Pennsylvania's new voter ID law, largely invalidated for the general election, still managed to sow some confusion and controversy Tuesday.
Voters were not always asked for photo ID, as was supposed to happen during the so-called soft rollout.
Anyone who could not or would not show an ID should have been allowed to vote as usual. But some voters complained that poll workers demanded an ID or tried to force them to submit provisional ballots.
And people who were voting for the first time in a new precinct were not always asked to show an ID, as required by law.
But the problems appeared to stem more from misinformation than malicious voter suppression, and officials - both supporters and opponents of the Voter ID law - said those instances did not undermine the validity of the election.
The irregularities appeared to vary by location, with poll workers in Democratic-leaning Philadelphia more likely to skip even asking for ID, and those in Republican-leaning suburban precincts more likely to aggressively push for voters to show an ID.
Several voters from Philadelphia and Montgomery and Delaware Counties told election watchdog agencies that they were ordered to use provisional ballots after refusing to show an ID. But those reports could not be confirmed Tuesday night.

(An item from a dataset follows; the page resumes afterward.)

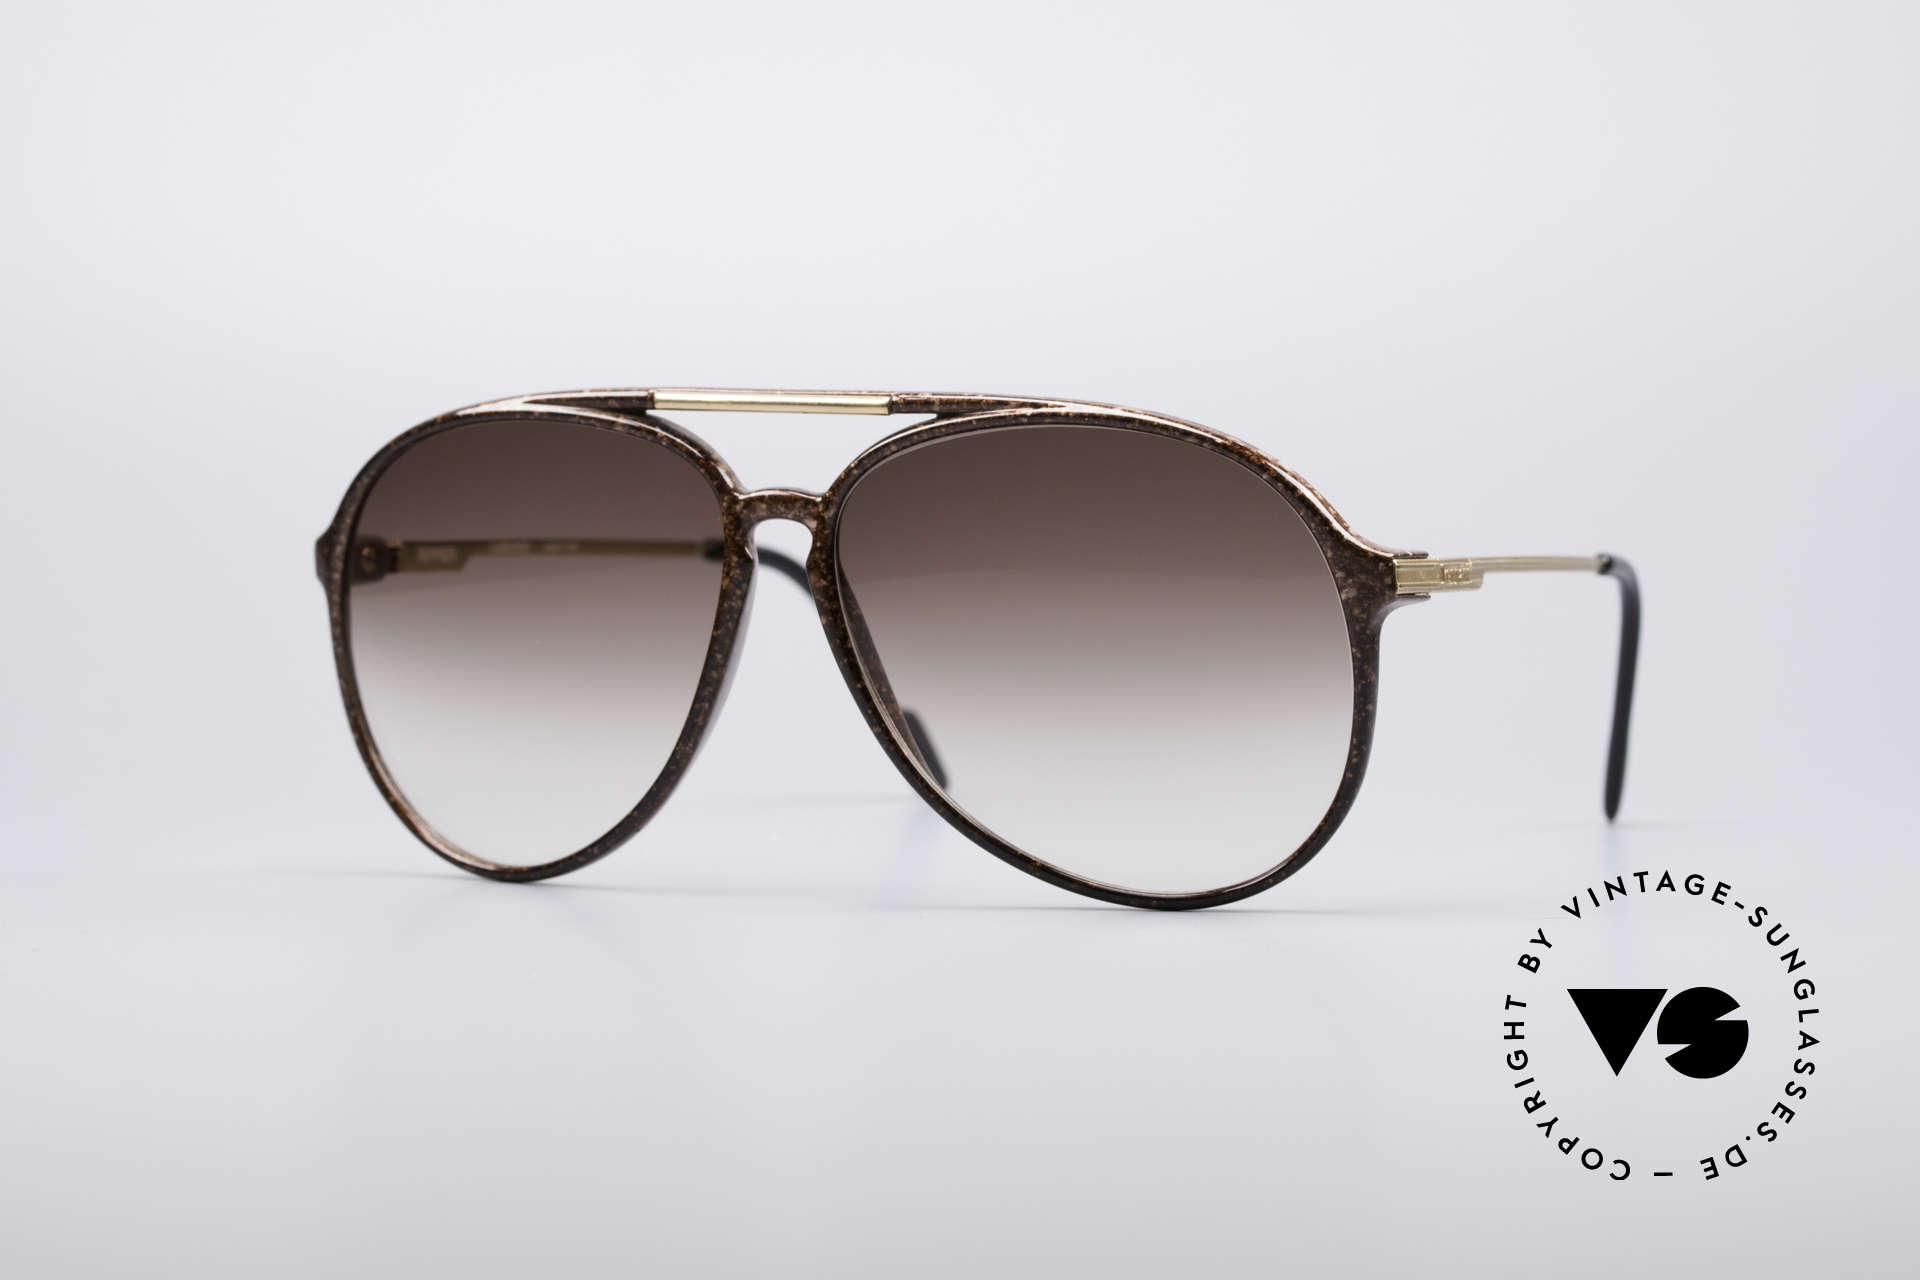 eyeglasses shop glasses c a com frames ca brand interglasses optical at ferrari canadian fr by

More frequently, voters came to their precincts confused about the rules, and some poll workers and polling signs spread inaccurate information. "There's a lot of honest misunderstanding, and maybe some not-so-honest," said Zack Stalberg, CEO of election watchdog Committee of Seventy.
Several polling places in Montgomery County had posted signs that said voters were required to show a photo ID at the polls.

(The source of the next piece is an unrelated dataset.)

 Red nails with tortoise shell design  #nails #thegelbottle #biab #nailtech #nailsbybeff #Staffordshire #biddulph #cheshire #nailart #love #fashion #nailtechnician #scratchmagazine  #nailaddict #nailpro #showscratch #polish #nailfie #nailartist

Montgomery County Commissioner Leslie Richards said the signs were printed by the state and included in a packet distributed to polling places. Similar signs were reportedly posted in some Delaware County polling places, and sheriff's deputies were sent out to make sure they were taken down.
Richards, a Democrat in a county that had been under Republican control for 140 years, said that the signs were outdated and that each polling place had been instructed to take them down.
Similar signs were spotted in Butler and Crawford Counties.
A State Department spokesman said the signs were printed before a judge halted enforcement of the state's controversial voter ID law, and county officials were instructed not to use them.
Republicans passed the Voter ID law in the spring over Democratic objections. The law's strict requirements for voters to produce photo identification were challenged in court by the NAACP and others, and Commonwealth Court Judge Robert E. Simpson Jr. ruled on Oct. 4 that the law could not be enforced for this election without disenfranchising voters.
Simpson delayed its implementation until after the presidential election.
But he did not order the state to halt its efforts to inform voters about the law, so fliers with incorrect information continued to surface leading up to Election Day.
"I think we will never be able to measure - and this is the most important thing, really - how many people stayed home because of confusion over voter ID," said Philadelphia City Commissioner Stephanie Singer, a Democrat who oversees the city's Board of Election with two other commissioners.
In the hierarchy of voting problems, Singer said, disenfranchisement is "absolutely No. 1." Consequently, she was less concerned about reports of first-timers' IDs not being checked, but said it was important that voters have confidence in elections.
Val DiGiorgio, chairman of the Chester County Republican Party, indicated that Tuesday's voter ID irregularities weren't particularly alarming. But he said he witnessed several instances in which would-be voters were "pretending to be someone they weren't," and left after being challenged by poll-watchers.
He didn't expect those cases to be investigated and said they were "just more evidence that we need a voter ID law and we need to purge inactive voters from the rolls."
The confusion surrounding voter ID was arguably lower than expected, but it extended beyond the polls.
At least a hundred people waited inside the PennDot Center on Arch Street late Tuesday, many of them there to obtain photo IDs they thought they needed to vote.
Olivia Rodriguez, a 29-year-old nurse from South Philadelphia, had waited more than an hour at PennDot specifically because she thought she needed to present election officials with an ID in order to vote.
H Brawley, 53, of South Philadelphia, was at PennDot to renew his driver's license, which expired in 2006. An Obama supporter, Brawley said he thought he needed the new ID to vote.
Other voters were well-informed about their rights, and refused to show an ID on principle.
At the East Coventry polling place in Chester County, at least 50 people by 10:30 a.m. had refused to show their IDs, said Constance Megay, the judge of elections. She fumbled for words as she tried to describe their demeanor. "Very stern," she decided.
Bernadette Brungess, a 69-year-old retired die-cutter, said she thought requiring IDs was "a good idea, really, so you don't have people in here who were here three hours ago." She said she feared they would come in using someone else's name and be able to forge their signature on the voting register.
Mark Cinkowski, 38, a financial services worker, refused to comply. "I told them I wasn't going to show mine," he said. "It's a voter oppression tool."
But when he got to the sign-in table, workers told him that because it was his first time voting in this location, he was required to show identification. He did, but he wondered, "is this legal?"
Inquirer staff writers Aubrey Whelan, Andrew Seidman and Sandy Bauers contributed to this article.